Stocks Fall After Weekly Decline in Japanese GDP (Bloomberg)
U.S. stocks fell today, sending the S&P 500 to its fifth drop in six sessions. This was due in part to data which indicated a slowdown in Japan’s economic growth, as well investors who await tomorrow’s report on American retail sales. “We have growth frustratingly low offset by discount rates that are unnaturally low,” Joe Costigan, director of equity research at Bryn Mawr Trust Co. in Bryn Mawr, Pennsylvania, said. “As long as that’s the case, the market will stay locked at least into September and you’ll see days like this with low volume and really not a lot of conviction.”
Dollar Rallies Ahead of Fed Outlook (Reuters)
The debate on when the Federal Reserve plans to scale back its stimulus hasn’t deterred the dollar from rallying today, with strong U.S. data prompting the Fed to begin tapering sooner rather than later. Market players have said that the near-term outlook for the dollar hinges on U.S. data from this week. “Trading could continue at its soporific pace until tomorrow’s U.S. retail sales report which offer traders a better look at consumer spending at the start of Q3,” said Boris Schlossberg, managing director of foreign exchange at BK Asset Management in New York. “If the data shows further weakening, the greenback could quickly give up today’s gains as markets begin to doubt the September taper by the Fed.”
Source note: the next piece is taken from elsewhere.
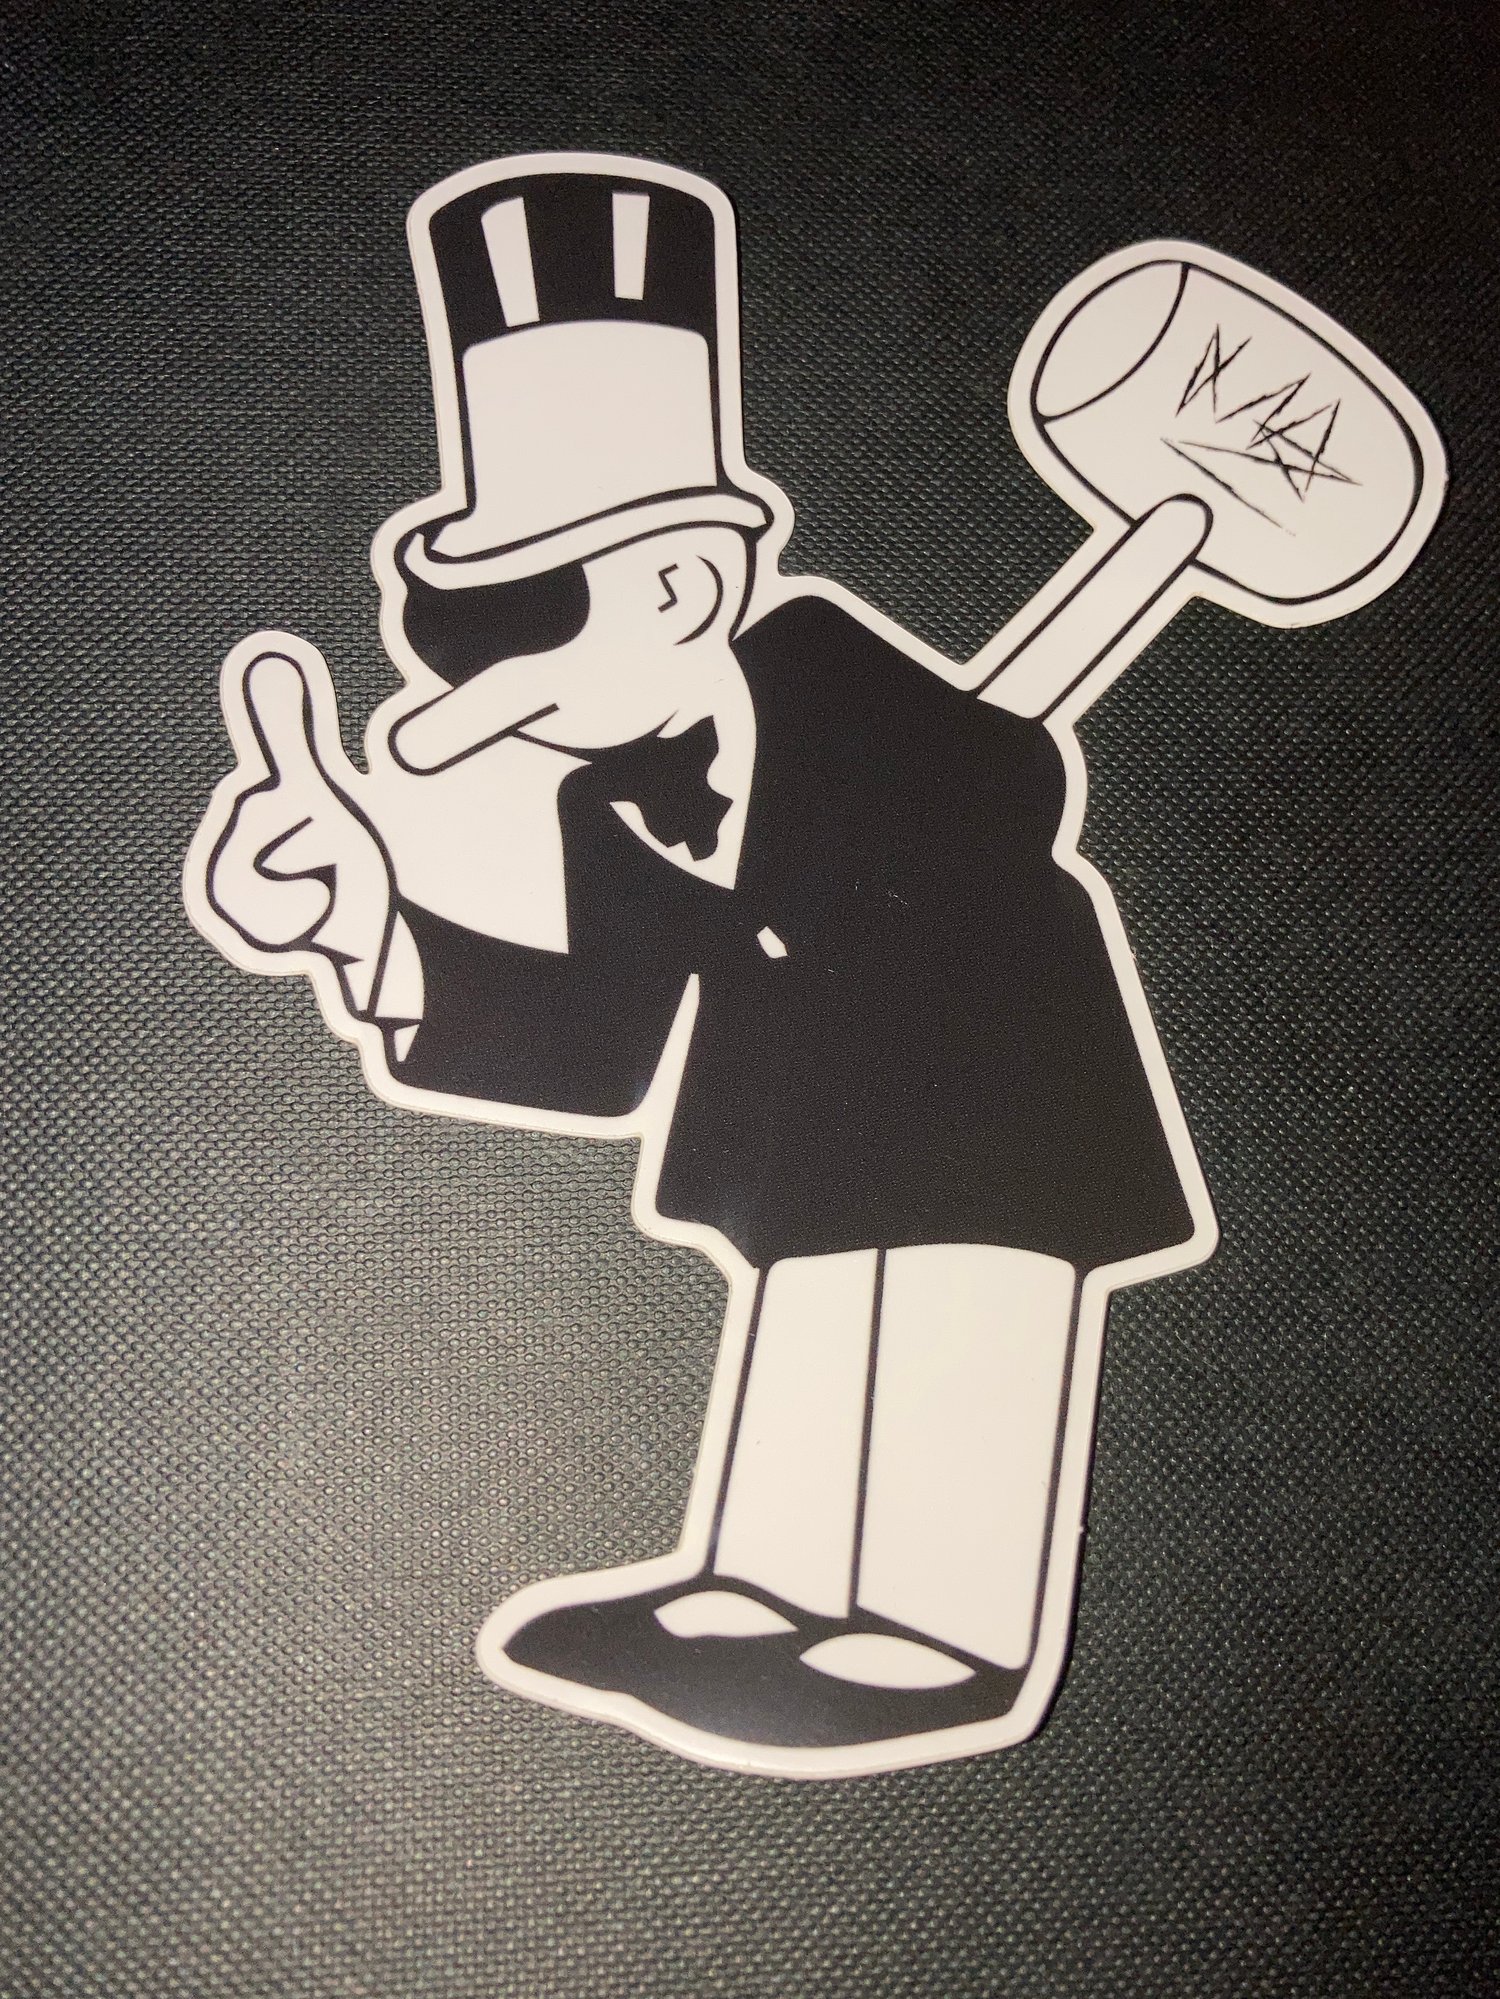 Image of M.A.Z TOP-HAT AUTHORITARIAN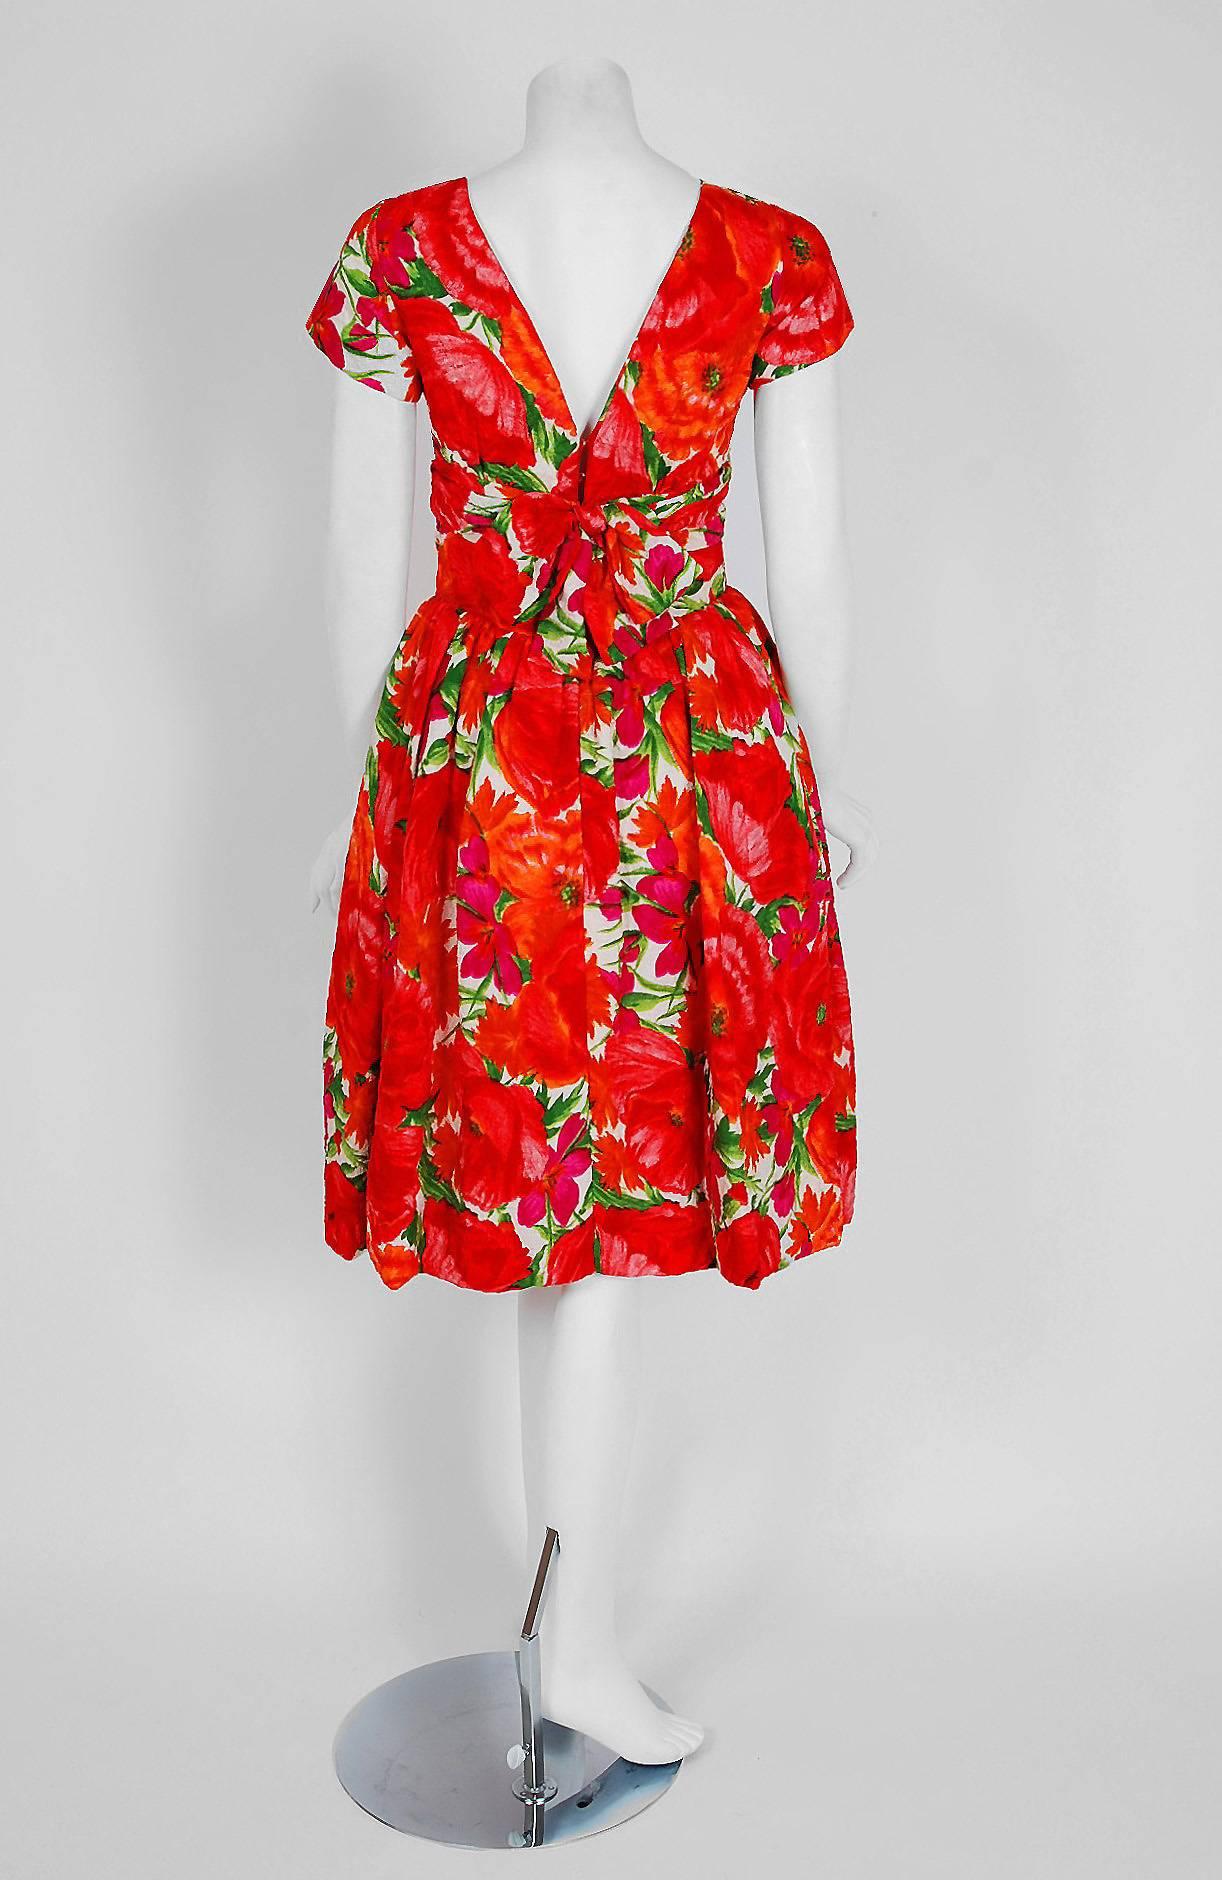 Women's 1958 Christian Dior New York Red-Roses Floral Garden Silk Back-Bow Party Dress

Hedge fund manager David Berman of Durban Capital is warning investors that they may underestimate how “horrible” the results of the retail sector’s earnings season could be. “The consumer, as I see it, is actually not weak. I think the retailer is weak,” Berman said. “In a few weeks, we’re going to have a lot of retailers reporting. We actually think it’s going to be a lot worse than people think,” he continued. “We thought things would bounce back, but they don’t seem to have.” Berman added that the health of the consumer is doing fine, because they are spending on items like cars, travel and technology.